怖くないといったら嘘になるが、暁也と修一の不安や恐怖は、不思議と少しだけ身を潜めていた。芽生えた小さな勇気は、少年たちを元気づけた。

「いい? 僕のことよりも、常に自分たちのことを考えるんだよ。屋上に近づく人影があれば、自分たちの身を守ることを最優先に考えて僕に教えて欲しい。派手に暴れるからこちらに注意は引けるだろうと思うけど――もしものときのために、それだけは念頭に置いていて」

 真面目に頷いた暁也の隣で、修一はノートパソコンに興味津々だった。彼は「人が動いてるのが分かる」と陽気に言ったが、暁也に「ゲームじゃねぇんだぜ」と咎められて口をつぐむ。

 雪弥は小さく苦笑し、こう言った。

「――これはゲームじゃない。でも、そうだね。君たちにはゲーム画面だと思ってもらった方が楽かもしれない。嫌だったら、途中で無線を切って、画面を閉じてしまっても全然かまわないから」

 少年たちは顔を見合わせたが、肯定や否定といった明確な態度は示さなかった。

             ※※※

 その場で腰を降ろしてざっと使い方の説明を受けたあと、修一がスーツケースを閉じる隣で、ようやく暁也が仏頂面を雪弥へと向けた。おもむろに「おい」と言葉を吐き出して立ち上がつたかと思うと、彼は苛立ったようにして顎を持ち上げる。

「俺の適応能力なめんなよ。

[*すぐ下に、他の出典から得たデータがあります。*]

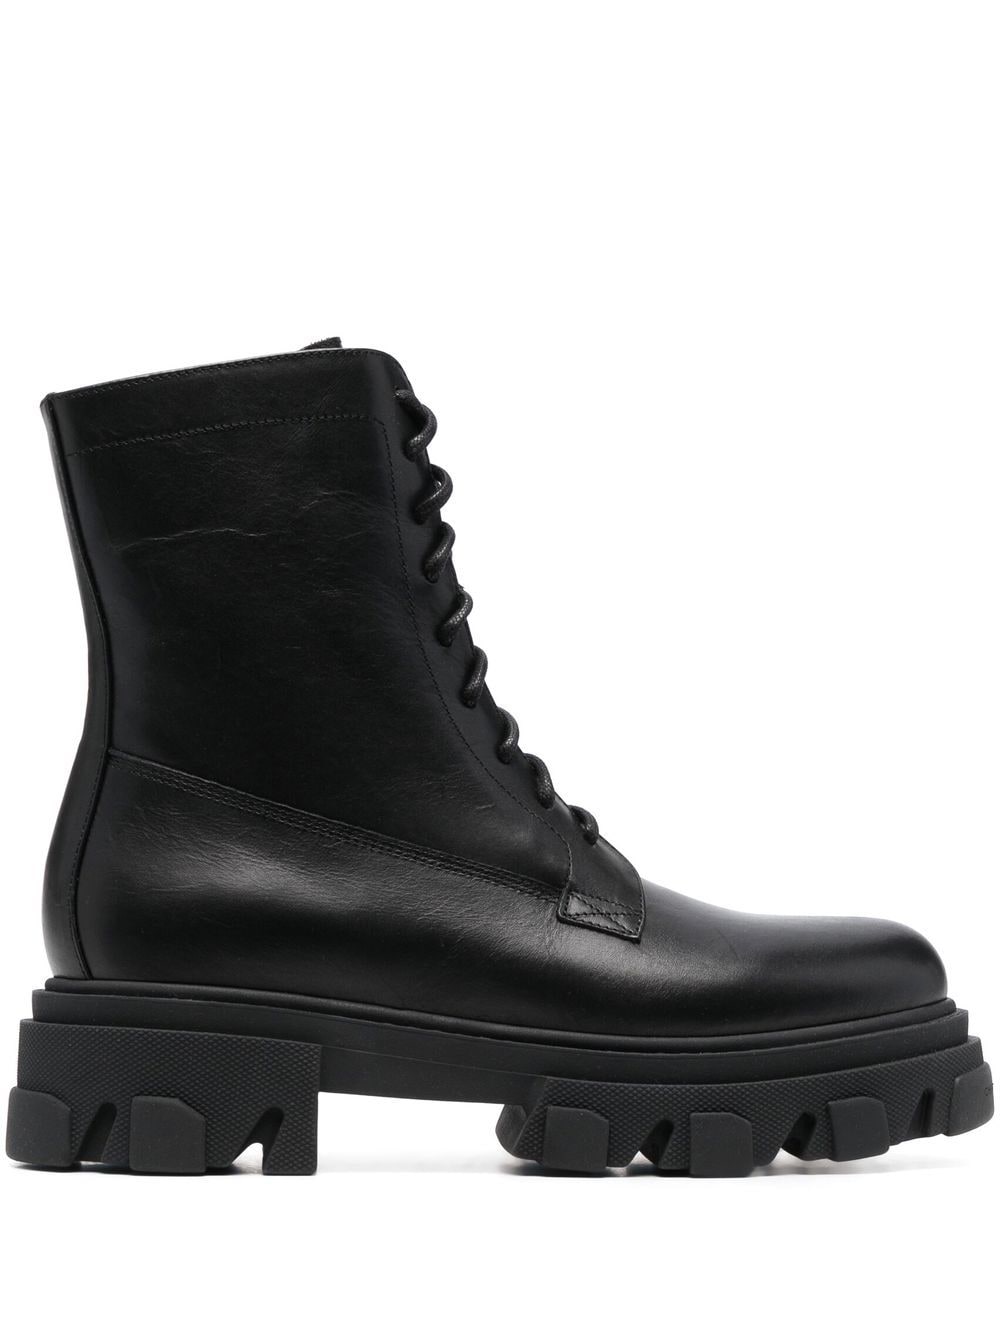 Chiara Ferragni leather lace up boots - Black von Chiara Ferragni

あとでいろいろと聞きだしてやるからな」

 この役目はきっちり果たしてやる、と暁也の眼差しは語っていた。

 自分の今の判断に一抹の不安を覚えていた雪弥は、想定外の言葉に不意を突かれた。スーツケースを持って立ち上がった修一も、曖昧に笑みを濁しつつ八重歯を覗かせてきた。

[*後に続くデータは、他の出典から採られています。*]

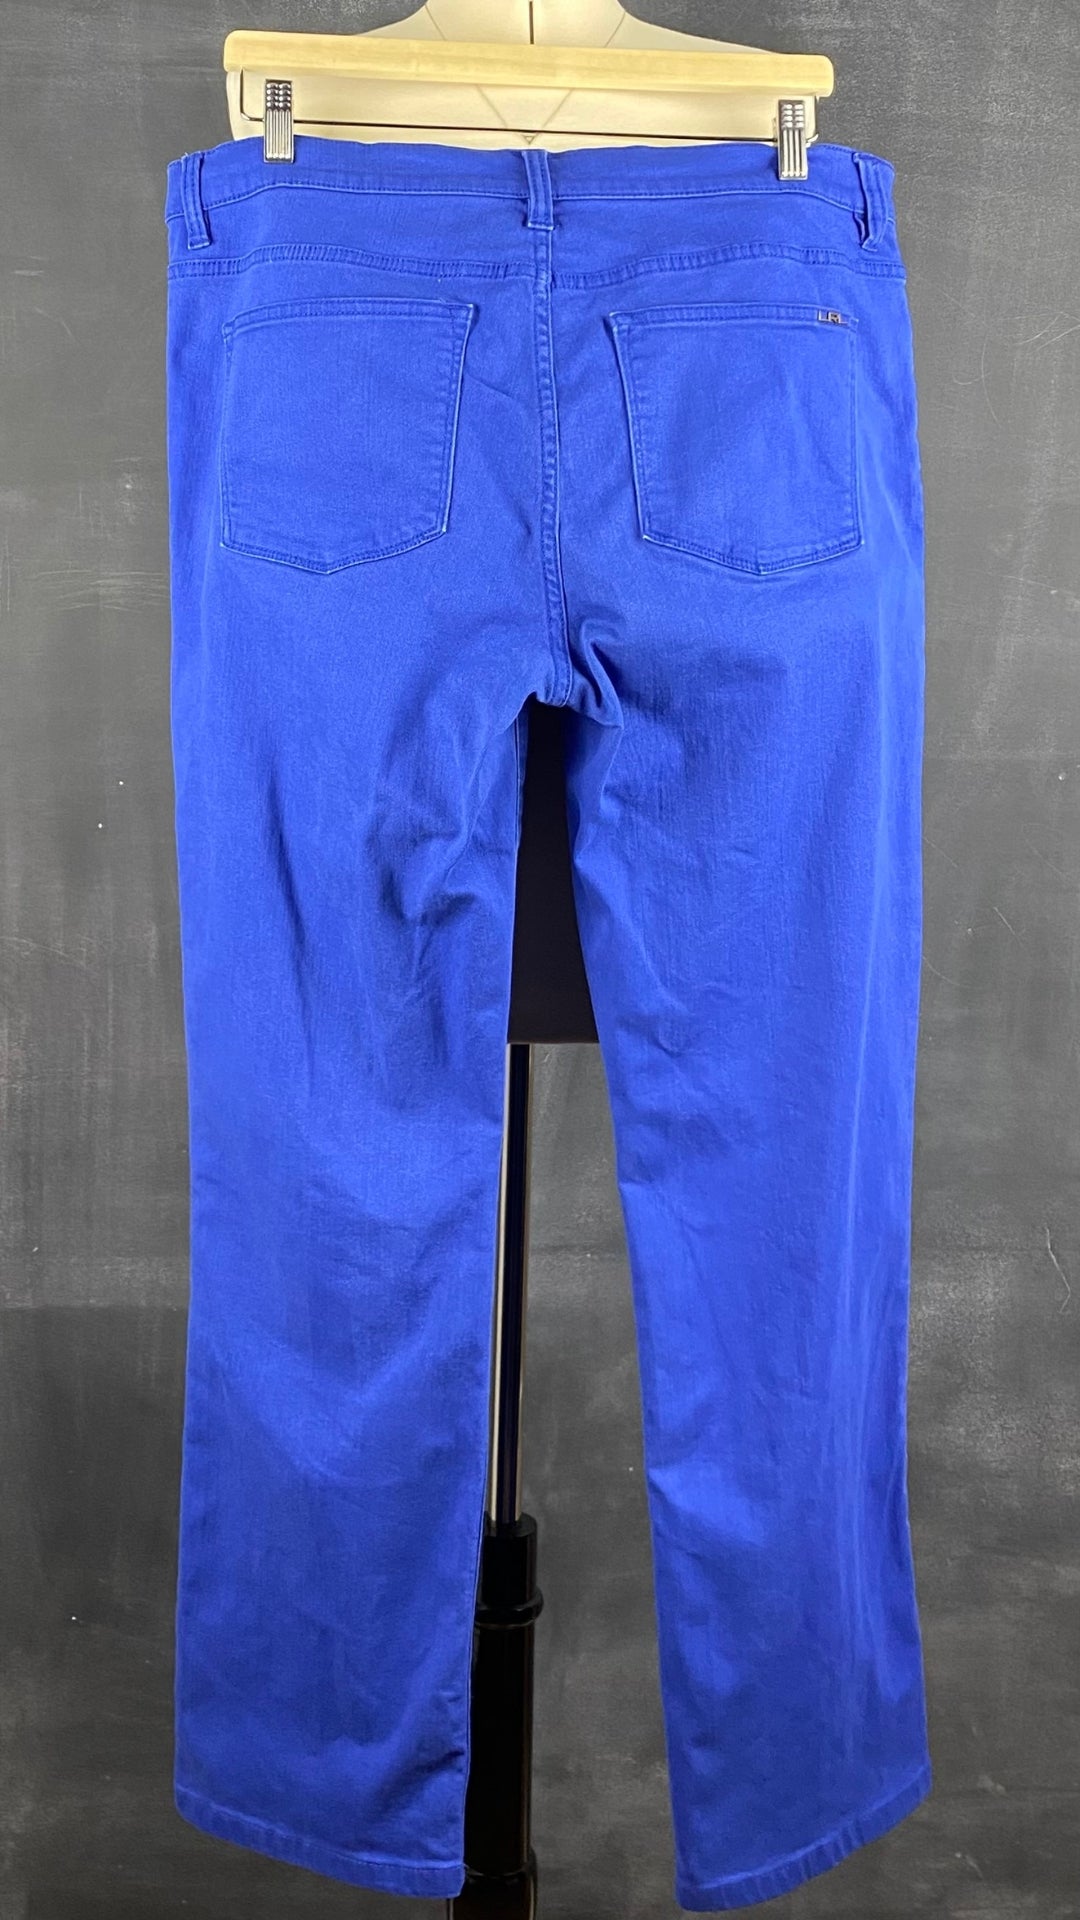 Pantalon en denim bleu royal Lauren Ralph Lauren, taille 14. Vue de dos.

「俺、頭悪いからよく分かんねぇけど、ようは暁也の親父さんみたいな職に就いてるってことだろ? あとでいろいろ教えてくれよな」

 雪弥はしばし困ったように微笑み、それから場の空気を少しほぐすように「金島本部長に聞くといいよ」と答えた。

 すると、二人の少年たちは、廊下の死体を出来るだけ見ないよう屋上へと駆け出しながら「奴に訊くとかヤなこった」「雪弥のおごりでラーメン食いながらでもいいじゃん」と言葉を残して走り去っていった。


 彼らを見送った雪弥の顔から、ふっと表情が消えた。


 遠くなっていく足音の余韻の中、その碧眼から温度が失われて、これからの標的を定めたかのように煌々とした冷たさを帯びた。